Nine of the 14 patients with clonal aberrations (64%) exhibited a hypodiploid-hypotetraploid karyotype (42-45 chromosomes), 3 were pseudodiploid (46 chromosomes), and 2 hyperdiploid (48-49 chromosomes). With the exception of 3 patients (2 with a single anomaly and 1 with 2 aberrations), all 11 other patients were characterized by complex chromosome clones (3 or more anomalies/clone; Figure1A). The number of alterations in individual clones varied between 1 and 16 (mean, 6.8 aberrations). In this setting, analysis by 24-color karyotyping was particularly useful for resolving complex rearrangements such as ring chromosomes and derivative chromosomes, for example (Figure 1B).
Despite considerable karyotype complexity, chromosomal alterations clearly concentrated on 6 major chromosomal targets: 5q (10 of 14, 72%), 12p and 13q (9 cases each, 64%), 6q (7 of 14, 50%), 15q (6 of 14, 43%), and 9 (4 of 14, 28%). Only del(5q) and del(12p) were observed as isolated aberrations in one case each and could thus be considered as “primary” events. However, in the patient with del(5q) as the sole aberration, cells with del(5q) alone were part of the minor stemline, whereas the major deriving subclone contained as many as 9 additional aberrations. One patient had a simple hypodiploid karyotype with monosomy 9 and 13. All other patients displayed these aberrations in varying combinations, except one (UPN13) who presented a complex karyotype with del(13q) without any other aberration belonging to this major group of 6. Six patients showed evidence of karyotype progression as indicated by clonal evolution (UPN 3, 12, 13, 16, and 24) or the presence of a composite karyotype (UPN 4). Interestingly, in 3 of these 6 patients, del(12p), del(6q), and 5q rearrangements could be seen to occur as secondary events (one case each, Table 1).
No clear-cut association was observed between cytogenetic profiles (presence or absence of aberrations, degree of complexity, clonal evolution) and clinical presentation/outcome or cytologic or immunophenotypic patterns.
Recurrent cytogenetic anomalies in CD4+, CD56+ DC2 leukemia target–specific chromosomal regions
The cytogenetic and FISH data obtained for the 14 CD4+, CD56+ DC2 acute leukemia patients with clonal abnormalities in this study were further analyzed with the aim of determining chromosomal regions of potential pathologic significance in this disease. For the 6 major chromosomal rearrangements, clustering of deletion and translocation breakpoints into specific chromosomal bands was evident in most cases (Figure2).
Cytogenetic 5q aberrations included 7 total/partial 5q deletions and 3 translocations (2 unbalanced, 1 balanced). It is noteworthy that a single patient showed a 5q balanced translocation breakpoint in band 5q31. Two distinct regions of deletion localizing to bands 5q21 and 5q34, respectively, were evident. Codeletion of these 5q intervals was observed in 4 of 9 patients.

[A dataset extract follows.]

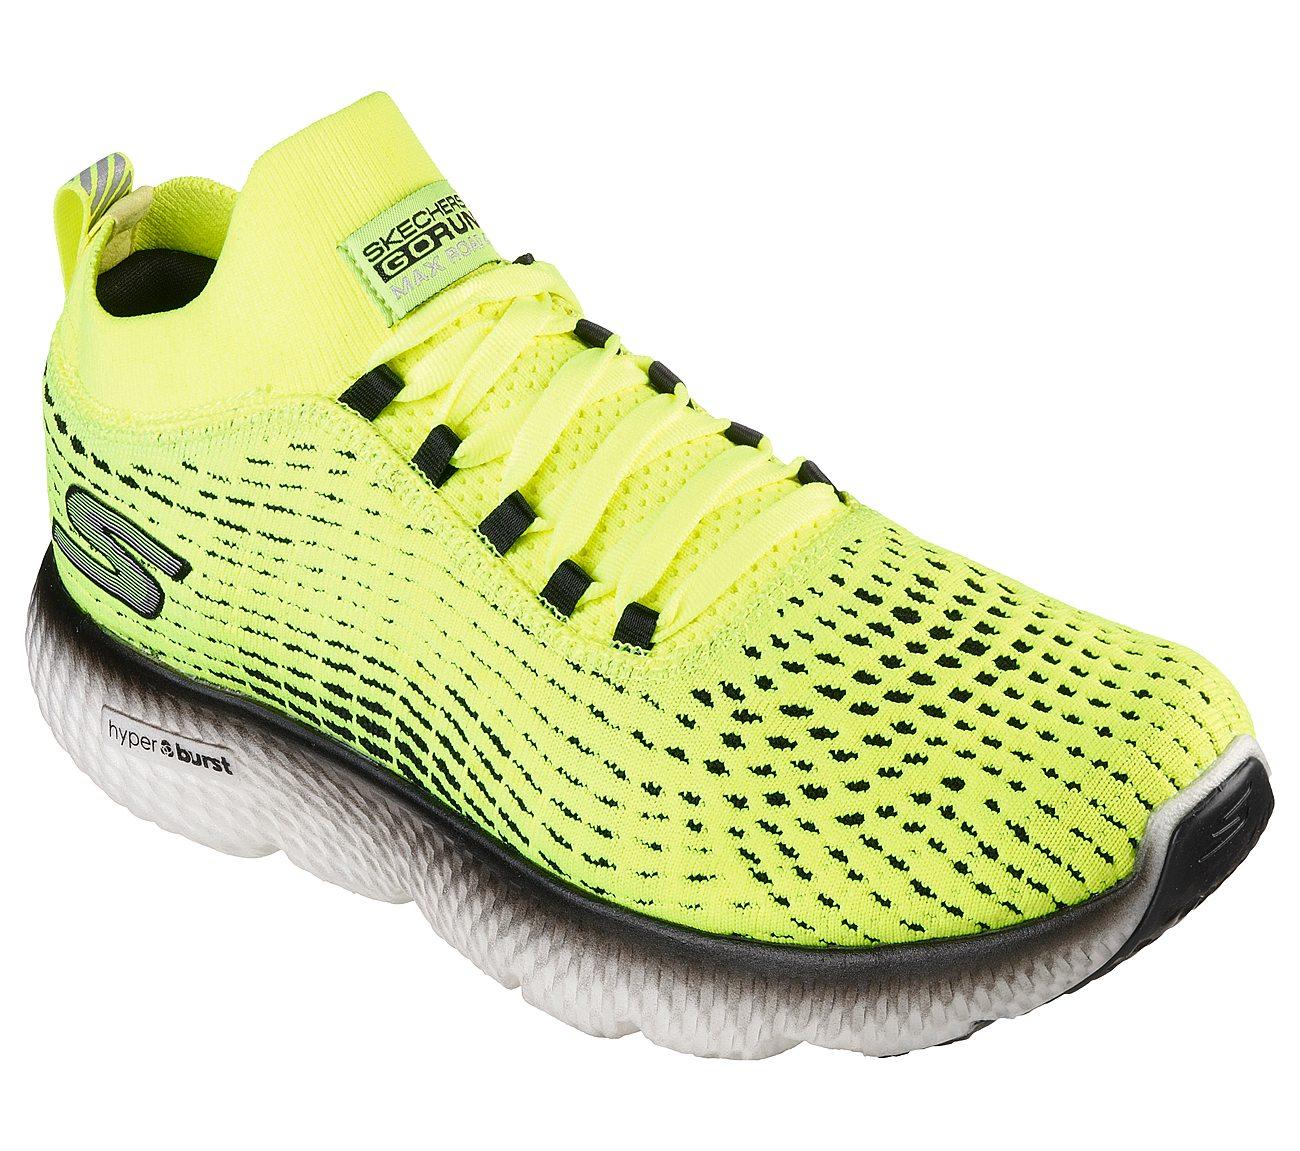 encuesta Clasificar Marinero  Buy SKECHERS Skechers GOrun MaxRoad 4 Hyper Skechers Performance Shoes

A total of 8 breaks (7 patients) was found in chromosome 6. One der(6) (UPN 4) and a complex interchromosomal rearrangement identified by M-FISH (UPN 18) could not be specified further. Bands 6q22-23 were affected by balanced or unbalanced translocations in 4 cases: no recurrent partner chromosome was observed (3p25, 18q22, 1q, and one addition of material of unknown origin). Combined with 2 other cases with larger 6q deletions, this defines region 6q23-qter as the common region of deletion.
Anomalies of chromosome 12 usually resulted in nearly complete 12p deletion with the exception of one case with a terminal 12p13 deletion, thus delineating band 12p13 as the critical region of deletion. Four deletions resulted from unbalanced translocations with variable chromosome partners (chromosome 1 in 2 cases, chromosome 5 and 7 in 1 case each).
Chromosome 13 was involved in 9 cases: 6 complete deletions, one small interstitial deletion 13q13-21, one ring, and one derivative 5 chromosome composed of part of 13q without further precision (UPN18). These results delineate bands 13q13-21 as the minimal region of deletion.
Finally, chromosome 9 and 15 were mostly involved in complete deletions as confirmed by 24-color karyotyping (Figure 1), except for a 9p24 addition and a 15-paracentric inversion (breaks in 15q14 and 15q23), which occurred as a secondary event in one patient.
Discussion
The present study constitutes the largest cytogenetic investigation available to date on CD4+, CD56+DC2 acute leukemia and documents for the first time the existence of a unique cytogenetic profile for this novel disease entity. Following conventional cytogenetic and 24-color FISH analyses in 14 clonally rearranged cases, 6 major recurrent chromosomal aberrations were defined. These were 5q, 12p, 13q, 6q, 15q, and 9, which were involved in 72% (5q), 64% (12p and 13q), 50% (6q), 43% (15q), and 28% (monosomy 9) of cases, respectively. No evidence for the existence of cytogenetic/clinical subgroups was apparent in this series. In particular, adults and children showed equally complex karyotype changes and the same recurring chromosomal aberrations were observed in both cases. No correlation with clinical presentation, cytology, or immunology was found.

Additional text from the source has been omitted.